Food intolerances. Metabolic Food Disorders. Anaphylactoid Reactions. Idiosyncratic Illnesses
As noted earlier, food intolerances involve nonimmunological mechanisms. Food intolerances can be divided into three categories: metabolic disorders, anaphylactoid reactions, and idiosyncratic illnesses. Like the food allergies, food intolerances are individualistic adverse reactions to foods; most consumers tolerate the offending foods, or ingredients, very well. In contrast to food allergies, individuals suffering from food intolerances can usually tolerate small amounts of the offending food in their diet.
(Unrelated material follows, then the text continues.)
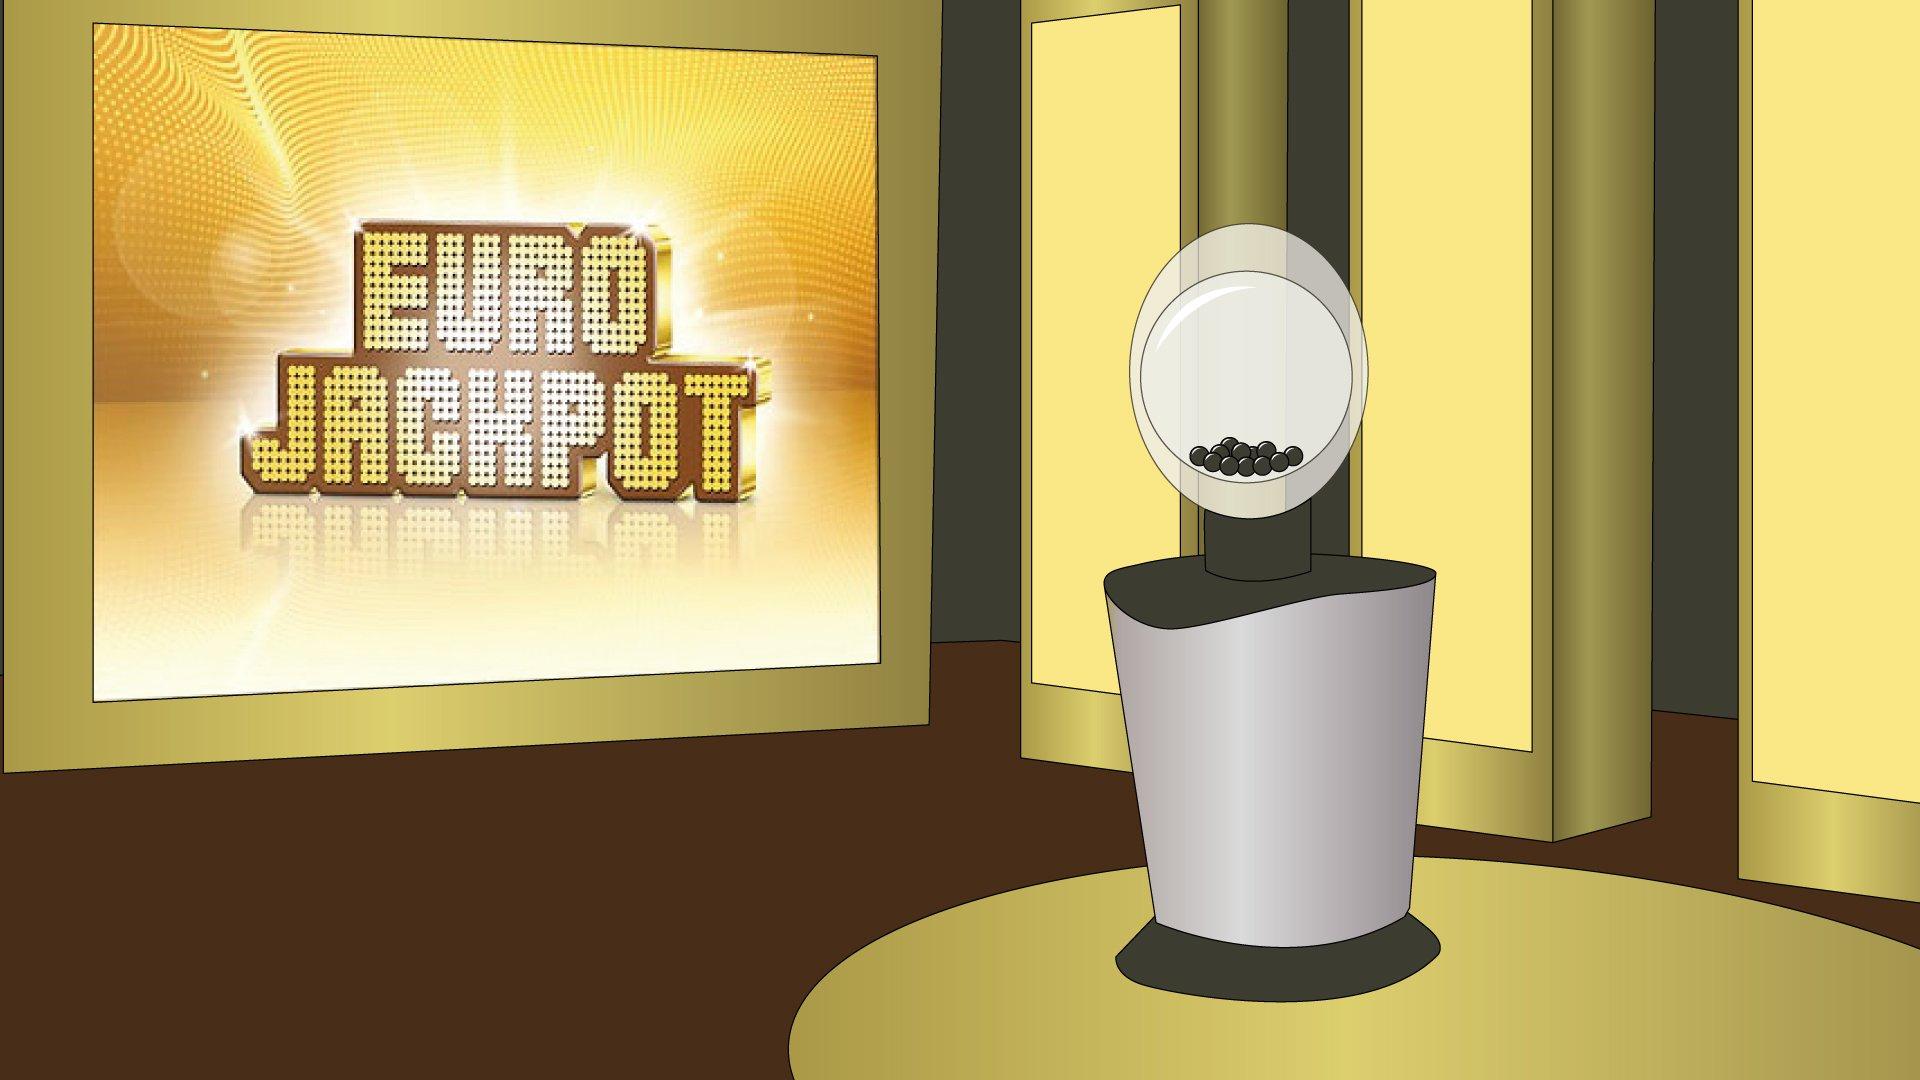 Eurojackpot 01.11.19

A. Metabolic Food Disorders. Metabolic food disorders result from inherited defects in the ability to metabolize some component of food. Lactose intolerance is the most common example.
I. Lactose Intolerance. Lactose intolerance results from a deficiency of the enzyme lactase or B-galactosidase in the intestinal mucosa. As a result, lactose, the principal sugar in milk, cannot be properly digested into its constituent monosaccharides, galactose and glucose. Normally, lactose is hydrolyzed to galactose and glucose, which are absorbed through the intestinal mucosa into the blood and used as sources of energy. The disaccharide lactose cannot be absorbed without hydrolysis to galactose and glucose. In individuals lacking B-galactosidase, undigested lactose passes from the small intestine into the large intestine. The large intestine is teeming with bacteria that metabolize the lactose to carbon dioxide and water. The result is abdominal cramping, flatulence, and frothy diarrhea, the primary symptoms of lactose intolerance.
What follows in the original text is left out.